Secondary-market pricing for H100s has stabilized at materially lower levels in 2026 after earlier sharp declines, illustrating the stranding risk from rapid Hopper → Blackwell turnover while also providing a partial hedge via resale liquidity.[9]
- Used/refurbished H100 prices stabilized around $18,000–$22,000 per GPU in early 2026 (down from peaks near or above $40k–$50k during 2024 scarcity).[10][9]
- Reports indicate H100 secondary values fell as much as 85% from peaks in some cases as Blackwell supply ramped; refurbished units retain 80–90% of contemporaneous new pricing better than used units (65–75%).[11][12]
- Rental rates for trailing-edge H100s recovered ~40% between late 2025 and early 2026 amid capacity tightness before softening again by May 2026.[13]
This volatility underscores asset-stranding potential as Blackwell (B200/GB200) and upcoming Rubin generations accelerate obsolescence, particularly for training workloads, though inference demand provides a partial buffer.
Neoclouds are hedging primarily through multi-year take-or-pay contracts, asset-backed non-recourse financing structures (including SPVs), and workload cascading to inference, rather than relying solely on secondary markets or accounting assumptions.[1]
- CoreWeave derives nearly all revenue from 2–5 year fixed-rate commitments, with a $66.8 billion backlog at end-2025 supporting $21.4 billion in debt (and $1.2 billion in 2025 interest expense).[1]
- Asset-backed loans (often 60–70% LTV, 12–36 month terms, SPV structures) isolate GPU collateral risk and close faster than traditional bank financing; non-recourse variants limit borrower exposure to the hardware itself.[14]

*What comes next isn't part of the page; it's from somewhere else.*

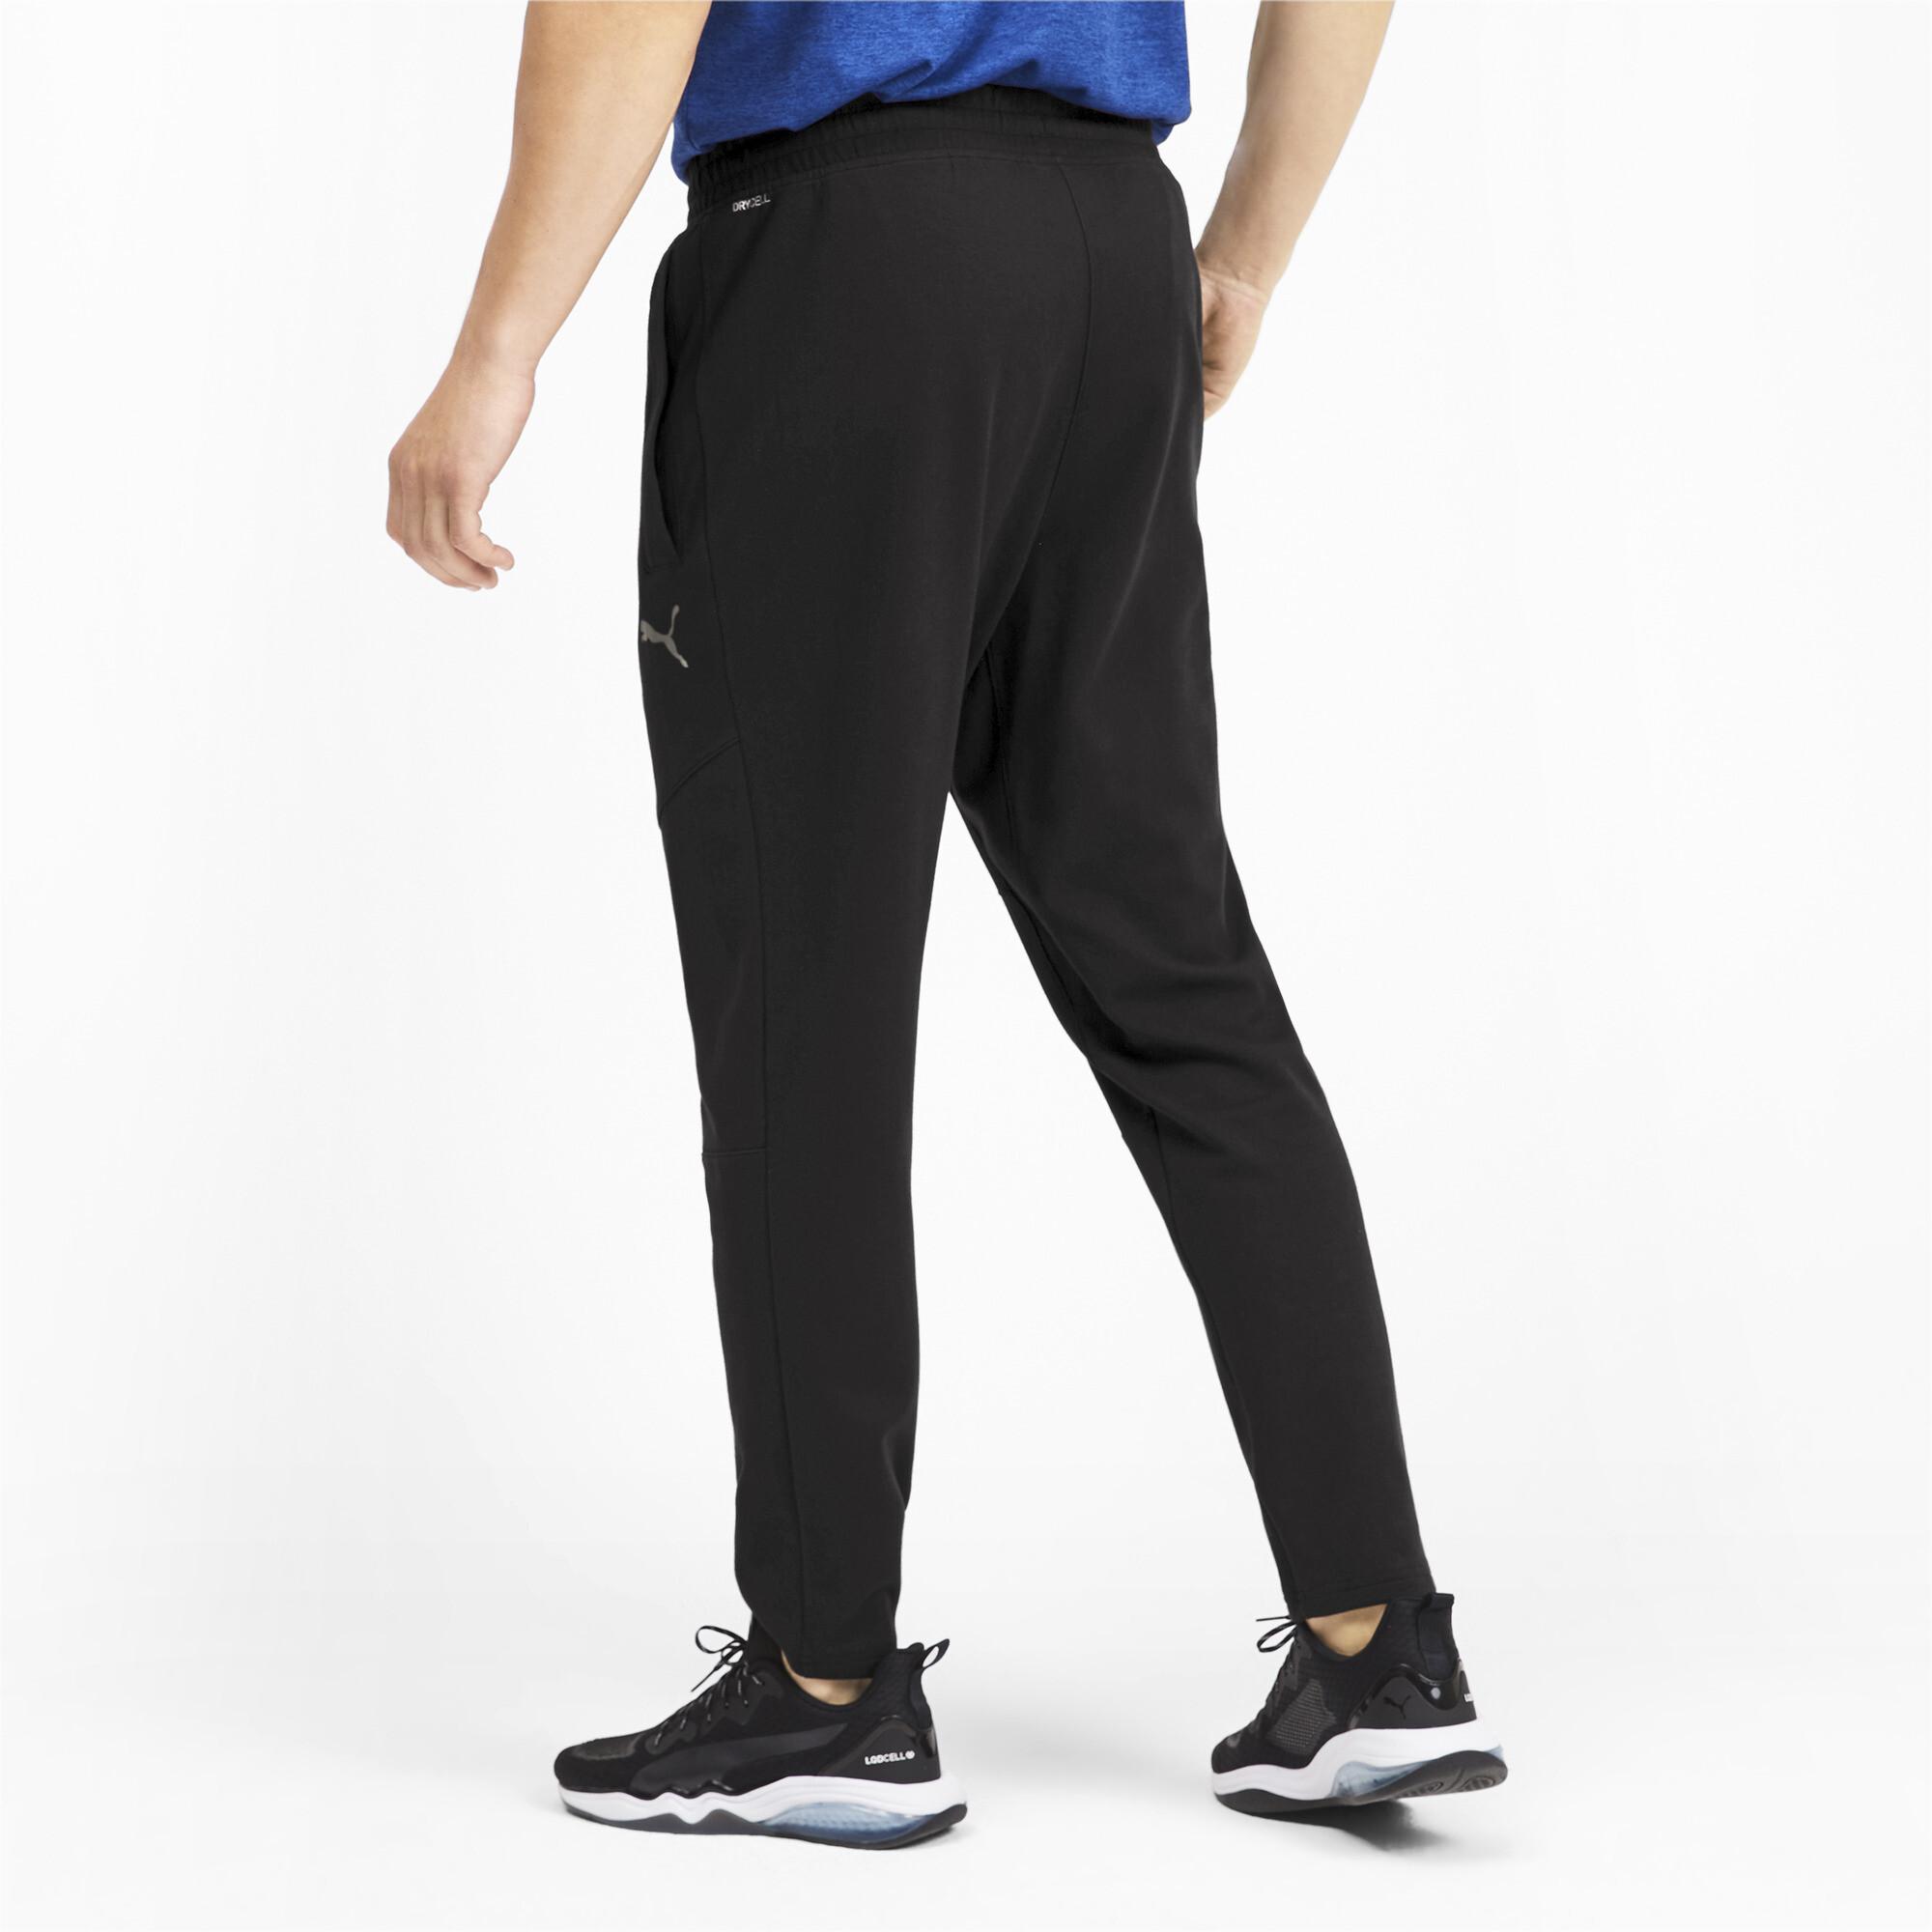 PUMA-Reactive-Trackster-Men-039-s-Training-Pants-Men-Knitted-Pants-Training thumbnail 5

- “Value cascade” models (detailed in early 2026 analyses) posit GPUs shifting from frontier training (years 1–2) → production inference (years 3–4) → batch/analytics (years 5–6), supported by CoreWeave’s re-leasing data and hyperscaler service lives extending to 7–9 years in practice.[3]

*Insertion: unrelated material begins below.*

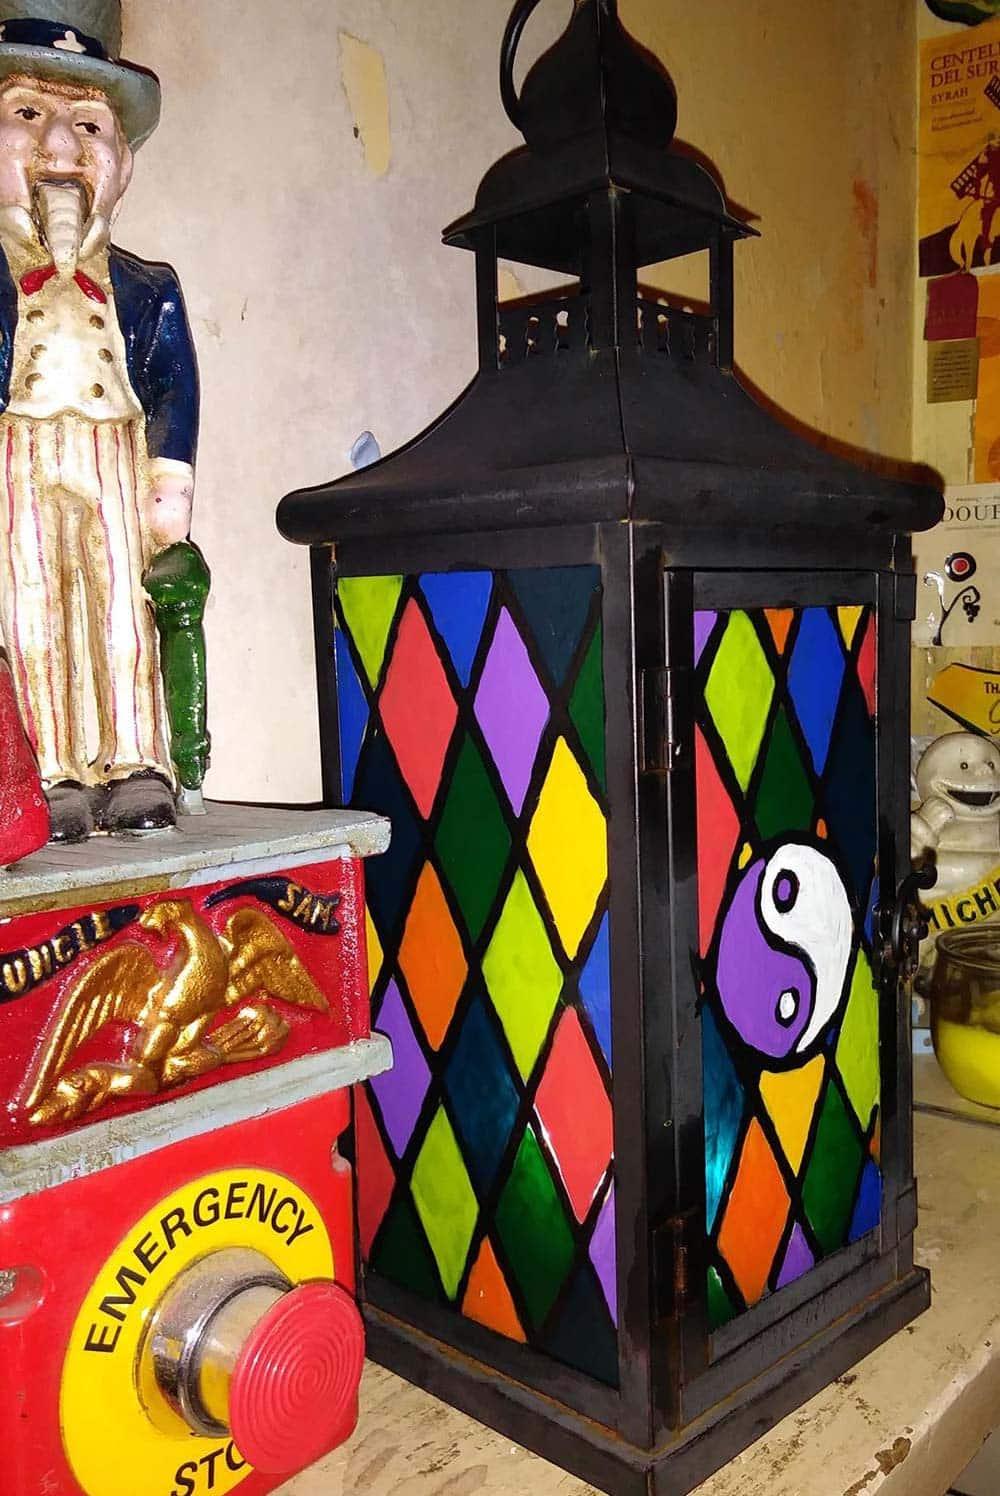 Lantern-with-translucent-Peelable-Glass-Paint-decoration

- Rental models (vs. ownership) fully transfer depreciation/obsolescence risk to the provider; some neoclouds emphasize this for customers while absorbing it on their own balance sheets via debt.[15]

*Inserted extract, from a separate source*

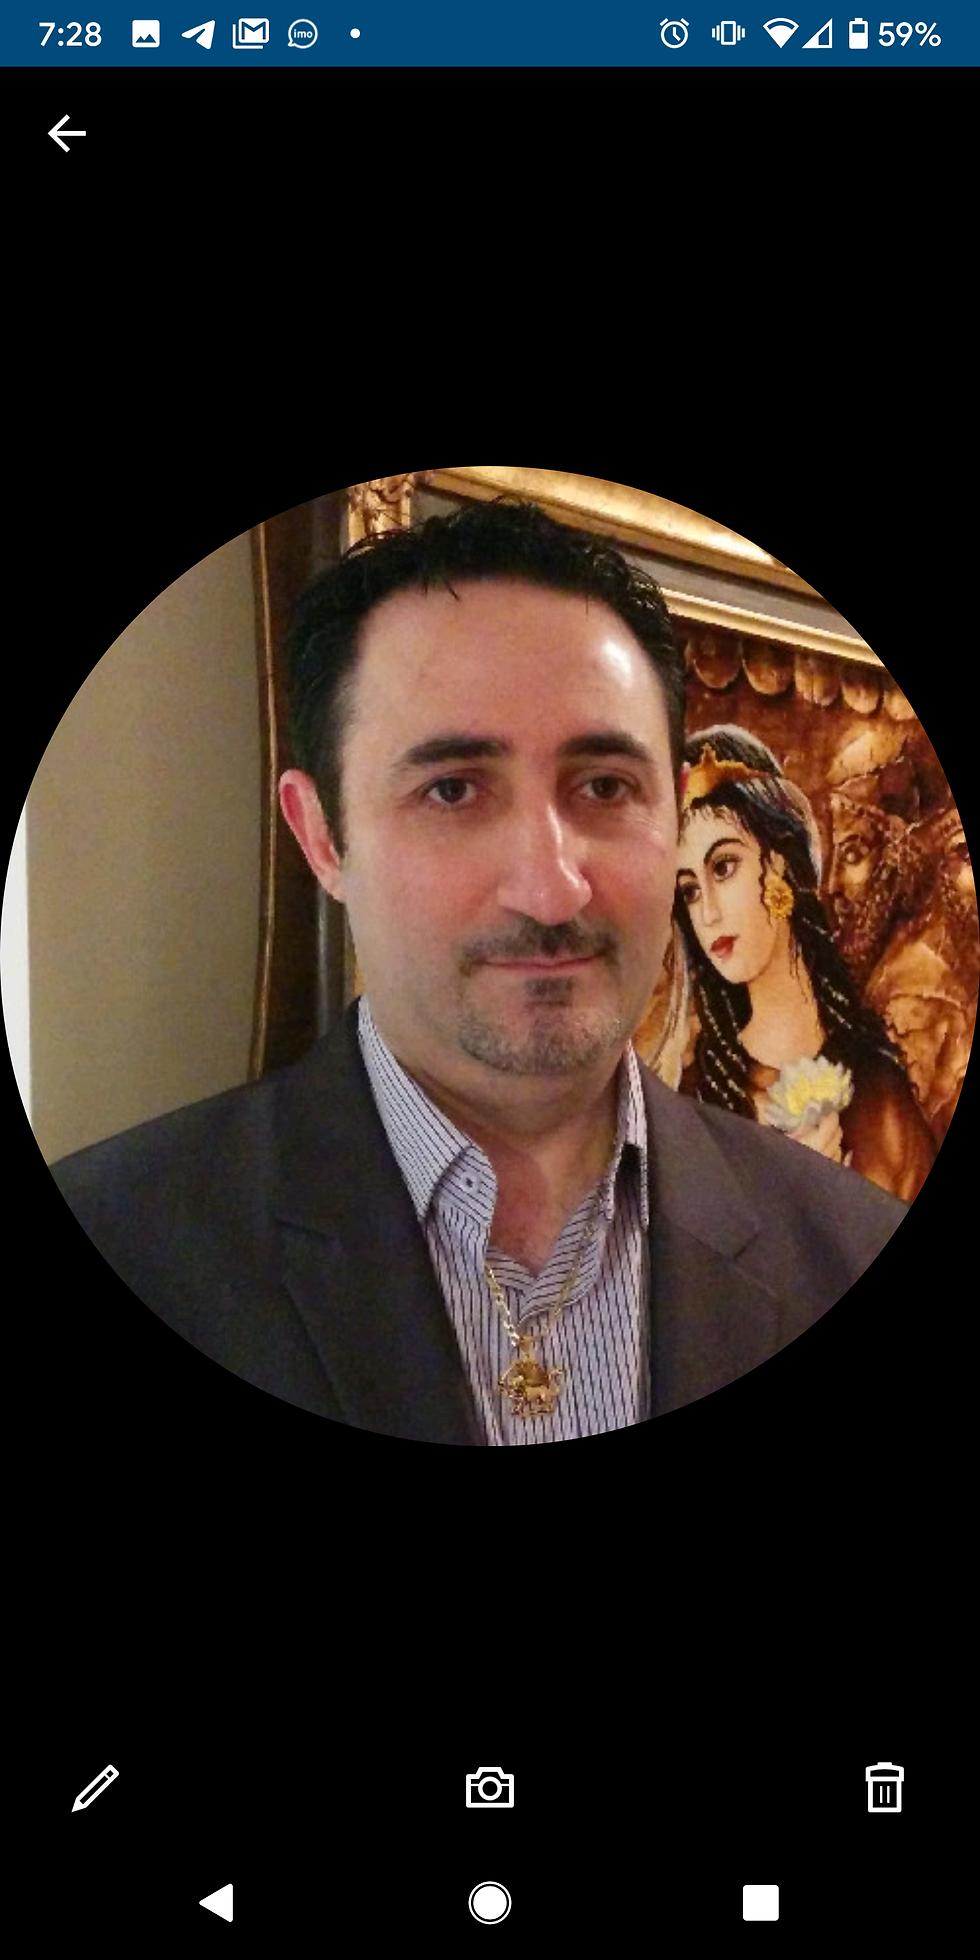 Farhad Ghasemikian

For new entrants or competitors, success hinges on securing long-duration offtake contracts and favorable financing terms before deploying capital, as shorter economic lives compress payback periods and increase the required rental yield to cover depreciation plus interest.[16]
Blackwell’s performance-per-watt gains and volume availability in 2026 are accelerating the economic obsolescence of H100/H200 fleets for certain workloads, amplifying the mismatch between 18–24 month NVIDIA architecture cycles and 4–6 year accounting lives.[3]
- H100 depreciation curves cited in 2026 financing guides: 20–30% in year 1 (new-gen announcements), 15–25% in year 2 (B200/B300 production), 20–30% in year 3 (next-gen adoption), with overall 30–50% annual value decline on owned hardware.[14]
- Post-24 months, H100 values are projected to depreciate an additional 10–20% annually as Blackwell expands; inference workloads mitigate but do not eliminate the pressure.[17]
- Analysts note that while H100 rental pricing held or recovered in spots into 2026, sustained Blackwell supply could force further repricing or accelerated refresh cycles for neoclouds.[18]
Competitors must model aggressive refresh assumptions (potentially 3–4 years for training-heavy fleets) and build secondary-market or trade-in channels early, as reliance on 6-year schedules risks sudden impairments or refinancing challenges when collateral values reset.
These developments, drawn primarily from 2025–2026 disclosures and analyses, show no fundamental resolution to the depreciation mismatch; instead, they highlight ongoing experimentation with contract structures and financing to manage the risk.